When you’re halfway through a book, have you ever wondered what would be the best ending?
The resolution of the plot? The characters reaching their goals? The characters finding some peace? The antagonist receiving their comeuppance? A positive change in the world?
Those are all good answers, and when you think of a stand-alone novel, you need most, if not, all of them. But what about a series? How do you determine which book ends when?
The first book needs a solid ending. There’s a commercial reason for this in that you never know whether more books (or movies) will follow. But there’s a storytelling reason as well: to play fair with your audience, you need to resolve the main plot and let your characters complete their journeys.
It’s obvious that the final book in a series has to wrap it all up. But the second book in a trilogy is often the one where the writer has the most latitude (this also applies to middle books in a longer series). You’ve established the universe and the characters, so you can play, but you don’t have to resolve everything. It’s also the one that can get you in the most trouble because you can leave too many hooks to untangle in later installments.
But where and how do you end? On a high note? A downer? A cliffhanger?
Let’s look at endings for a couple of stories I’m sure you’ve heard of, say the original Star Wars. The first movie resolves most everything: the characters have completed their journeys and the big threat has been defeated. You could stop there and have a satisfying story. A wayward spacecraft implies there may be more to come, but that’s incidental to this story. Now consider the ending of the second movie, The Empire Strikes Back. A big reveal, a small victory, a big defeat, and characters halfway through their transformation. The ending is both a downer and a cliffhanger. The story cannot stop there!

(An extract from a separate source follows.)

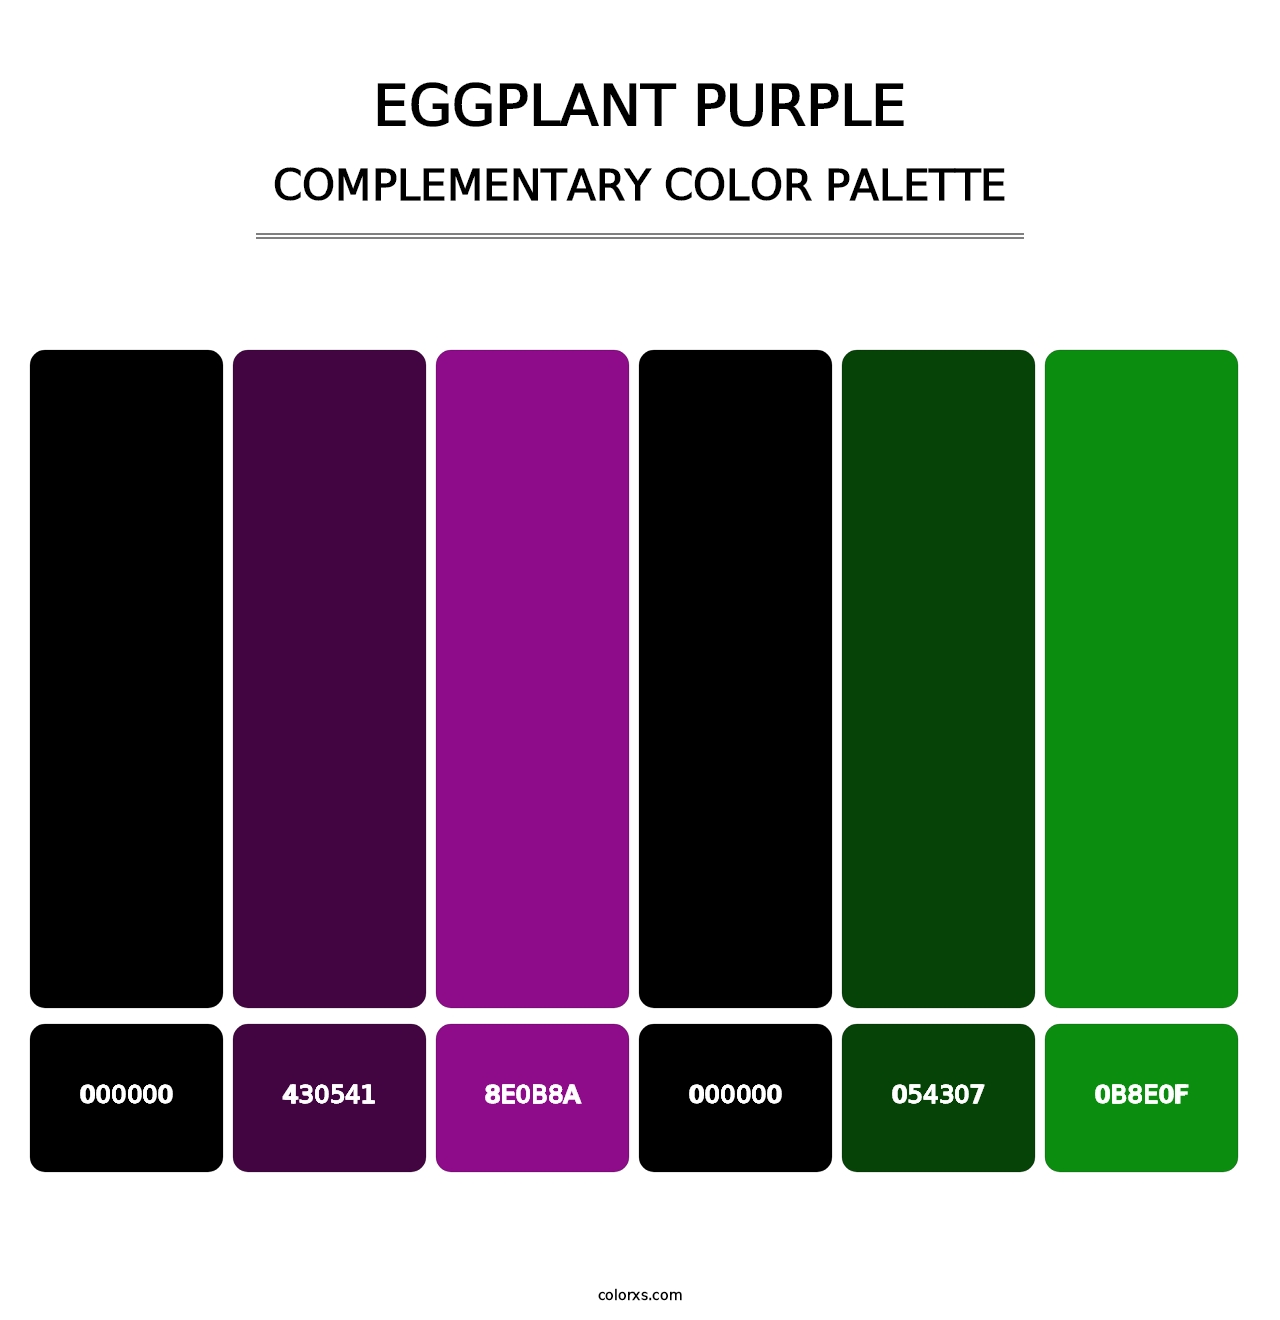 Eggplant Purple - Complementary Color Palette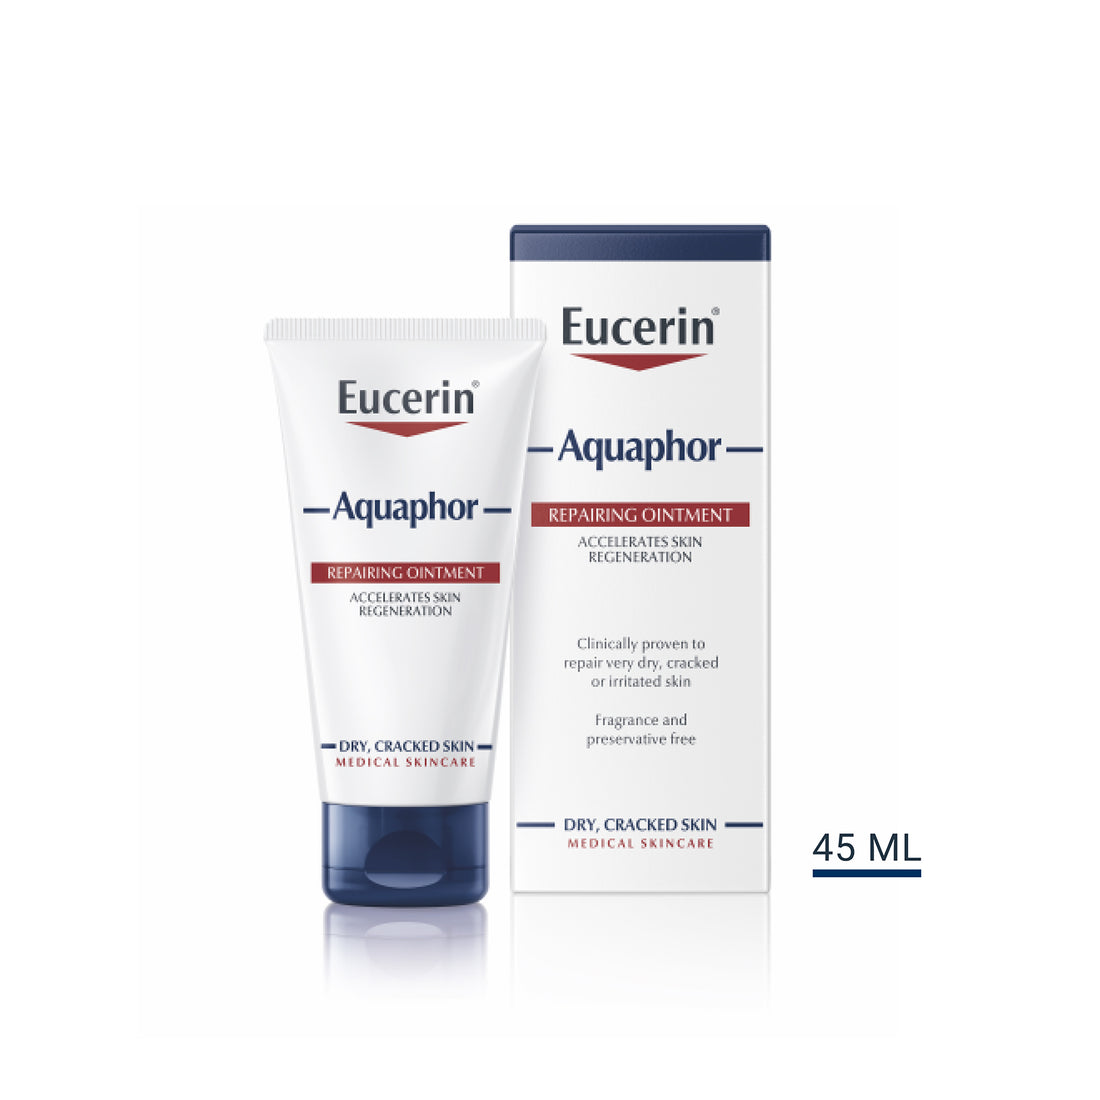 Eucerin Aquaphor Repairing Ointment 45ml (1.52fl oz)

How about the Hunger Games? The first book (or movie) has a clear ending. The world order hasn’t changed, but the main problem has been solved and the characters have completed their journeys. You can stop there. The second book? The win—if you can call it that—is along the lines of “yay, we’re not all dead.” The world is in disarray and the characters are a mess. Another downer and cliffhanger that is more a pause than an ending.
Many other middle entries have that same feeling of impending doom. In fact, I cannot think of a single instance of a series where the middle book ends with a big victory. (No, that’s not a spoiler for Carved Genes.)
In my case, I knew exactly how Purged Souls had to end and wrote the last scene early in the process. But I struggled with the ending of Carved Genes, mostly because I had three places to pause the story, but none of them were satisfying: I vacillated between too much of a cliffhanger or too big a resolution. Then it hit me. It’s not the plot, it’s the characters. The ending of The Empire Strikes Back isn’t a cliffhanger because you’re wondering what the empire will do next. No, it’s a cliffhanger because you want to know what happens to Han.
That realization allowed me to find the pause I needed where some characters reach a good place and others, well, they’re still searching. Ironically, as I grappled with where to end book 2, I wrote the ending of book 3. So, for a while I had a mostly completed novel without an ending and an ending without a novel. Trust me, that’s not as funny as it sounds.
So what’s my point?
Well, you can’t read two thirds of a trilogy. It’s one or three. (this might be the only time my marketing self is happy with my writer self. Ha!)